Silvestre de Sousa, a three-time champion jockey, has been given a 24-day whip ban under the totting-up procedure after he used his stick above the permitted level on Big Mojo in the Flying Childers at Doncaster’s Leger meeting.
It was the Brazilian jockey’s fifth breach of the whip rules in six months.
De Sousa returned to riding in Britain in the spring after a successful stint in Hong Kong had ended on a sour note when he fell foul of the Hong Kong Jockey Club’s stringent betting rules and received a 10-month suspension for ‘facilitating’ a bet placed on a race by a fellow Brazilian rider.
Despite having been British champion in 2015, 2017 and 2018, De Sousa could barely buy a Group One before he went to Hong Kong and linked up with trainer Roger Varian.

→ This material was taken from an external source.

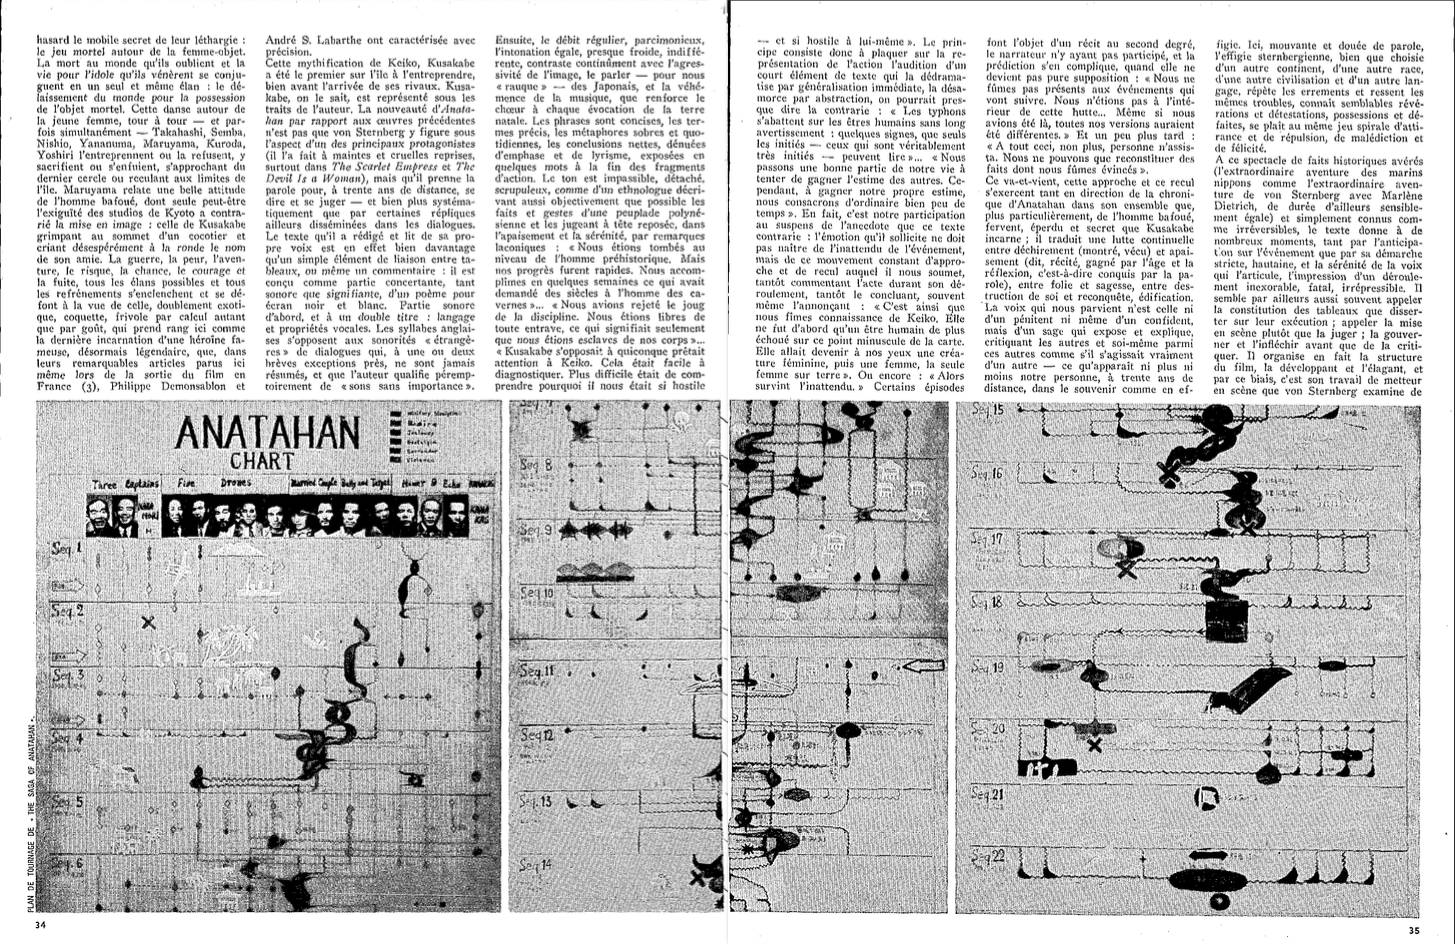 Cahiers du cinéma n°168, juillet 1965. Pages 34 et 35 : diagramme d'Anatahan en illustration d'« Une aventure de la lumière » de Claude Ollier.

The 43-year-old jockey has since won the 1,000 Guineas on Elmalka and the Queen Anne and Prix Jacques Le Marois on one of the season’s unexpected stars, Charyn. Arguably he has been a little unlucky not to win another two Group Ones on the grey colt.
And while he will be back in time to ride Charyn in the Queen Elizabeth II Stakes at Ascot on October 19, he will miss this weekend’s Cambridgeshire meeting at Newmarket.
The ban runs from September 27 to October 5 and October 7 to October 13. As there is no racing in Britain on October 6, he could ride at Longchamp on the Prix de L’Arc de Triomphe card should he have any rides. The final eight days of his ban are suspended for six months or 200 rides, whichever comes first.
The current whip rules including the ultimate sanction of losing a race, have generally been working pretty well although like Kielan Woods over jumps, De Sousa appears to be a bit of an outlier with his bans being because of an excessive number of hits, twice not giving a horse time to respond and once for hitting a horse in the wrong place.